ON JANUARY 15, REPORTERS CAUGHT wind of a fifth lie detector test being scheduled for a mystery man. It had been over a week since Jane’s death, and six days since Chief Reagan issued the press blackout. This was the first major development in days. The rumor was that it was someone close to Jane who had been previously interviewed by the cops, but whose name hadn’t yet figured prominently in the case. The lengths that authorities went to conceal his identity made reporters hopeful that a break in the case was imminent.

Peabody people speculated as to whether this mystery man was the same person as the “Harvard faculty member who was rejected by Jane as a suitor after several dates.” The Daily News’s Mike McGovern had written about him in the same article where he broke the story about Jane’s abortion: a rejected faculty member who now “figure[d] prominently in the investigation.”

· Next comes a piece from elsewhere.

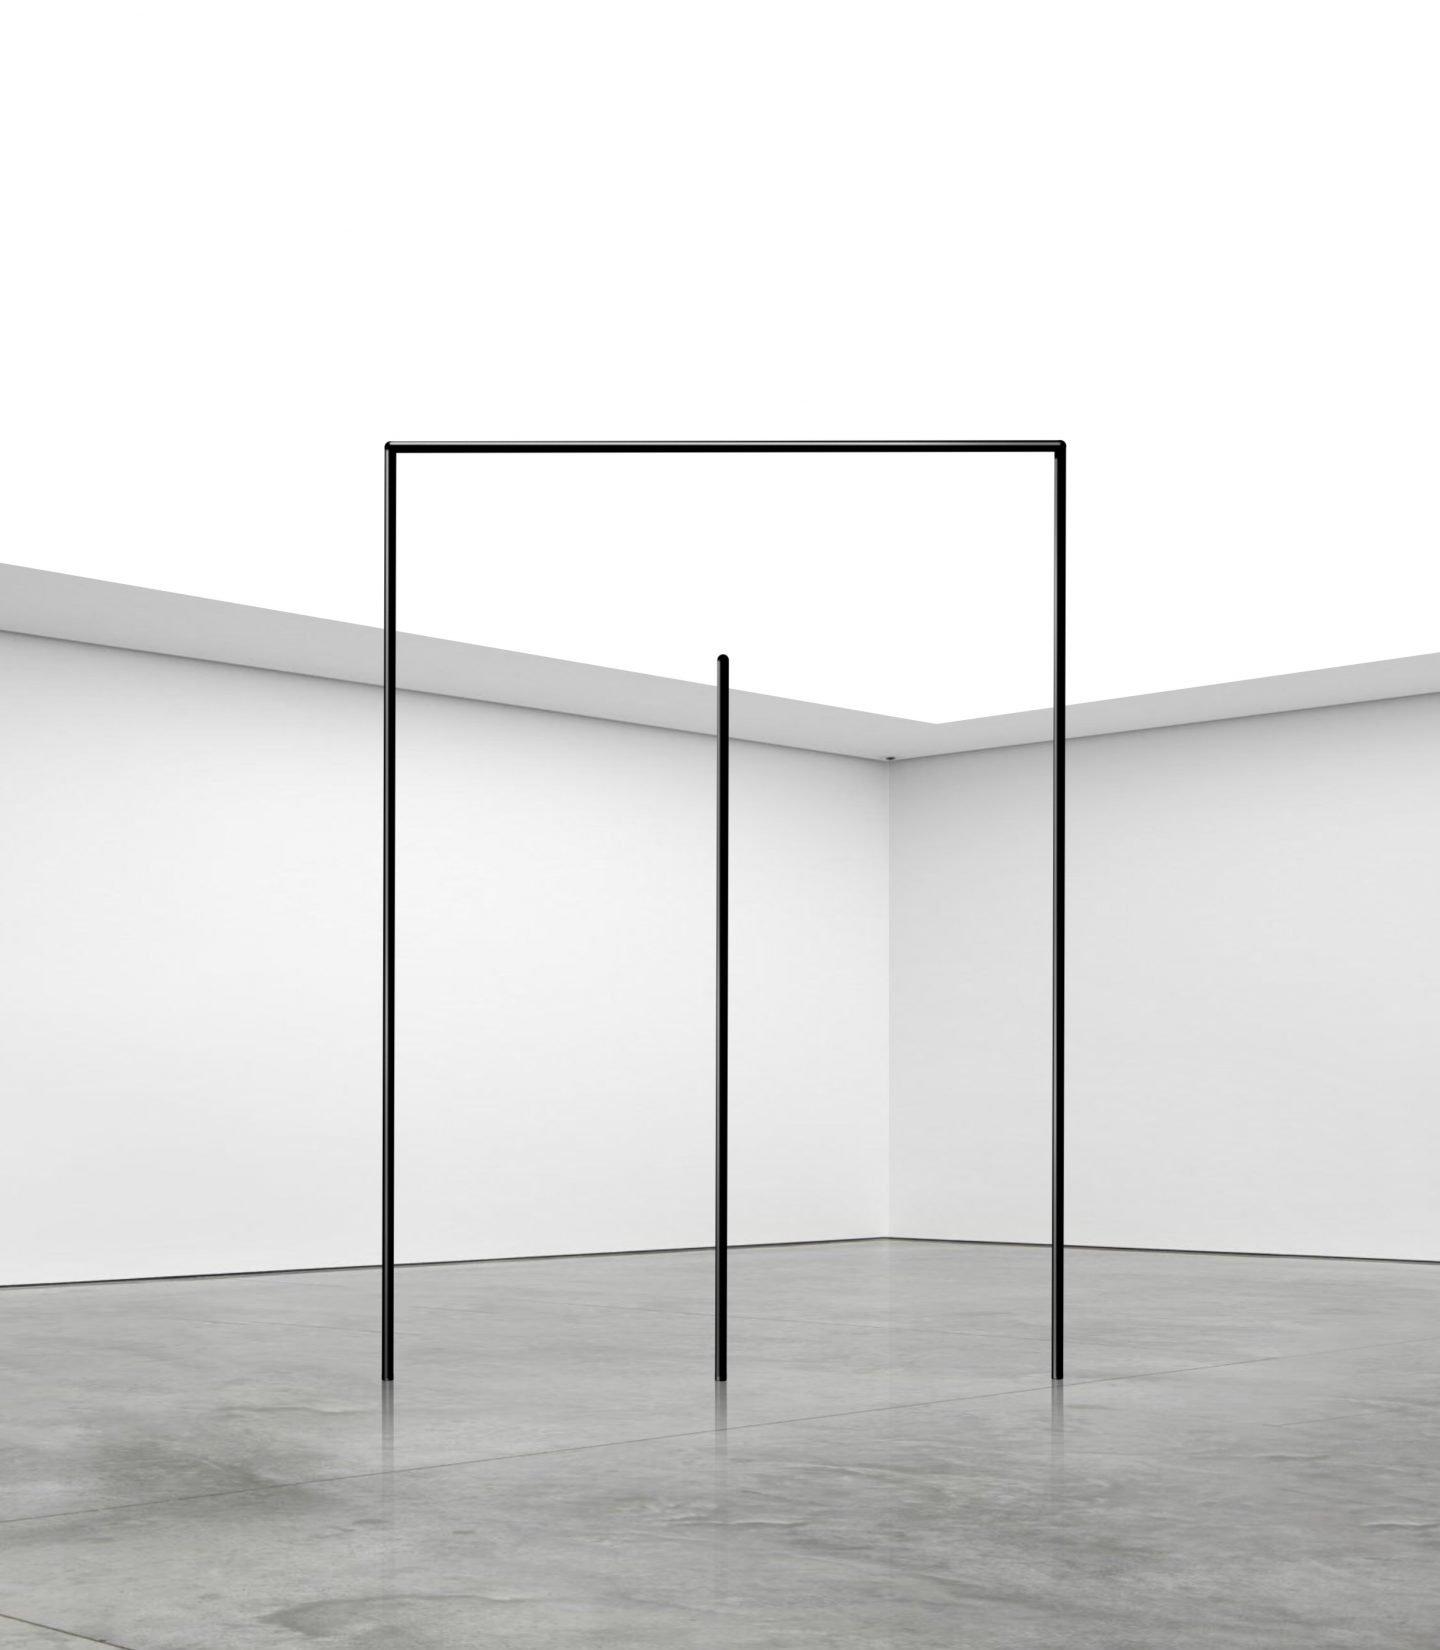 IGNANT-Art-Mikael-Strobek-03

Reporters staked out Cambridge Police and state police headquarters and kept the buildings under constant surveillance. They caught glimpses of Jane’s friends being called in for another round of questioning. But the mystery man never appeared. Reporters later learned he had been whisked off to an undisclosed location.

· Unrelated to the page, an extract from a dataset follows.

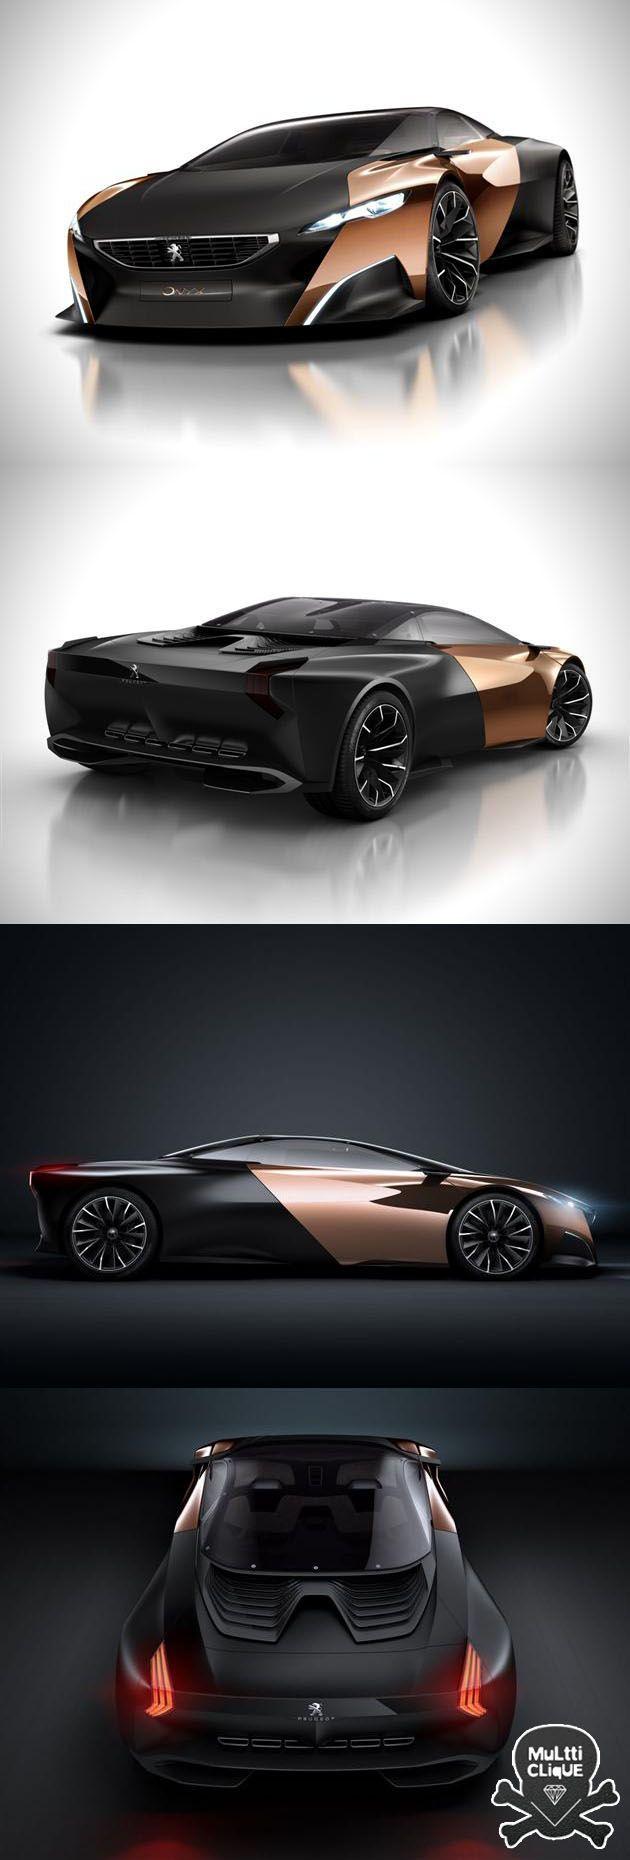 Best 25 Concept Cars Ideas On Pinterest Future Car Cool Cars

District Attorney John Droney cautioned the press not to jump to conclusions about this unprecedented level of secrecy. “You have to assume it’s a sex case,” he said, due to the fact that her nightgown was “disarranged.” But, he cautioned, that could still mean many things. “We have not eliminated the possibility that a woman was involved in this crime,” he told the press. He refused to go into specifics but he did note that the first blow to Jane’s forehead had not been strong enough to break the skin.

Jane’s father was similarly tight-lipped when he was questioned by detectives again. They wanted to know more about Karl Lamberg-Karlovsky. “Most people we talked with said that that professor was a bastard,” Detective Lieutenant Burns baited.

“All professors are bad—” Jane’s father said cryptically before the police tape cut off.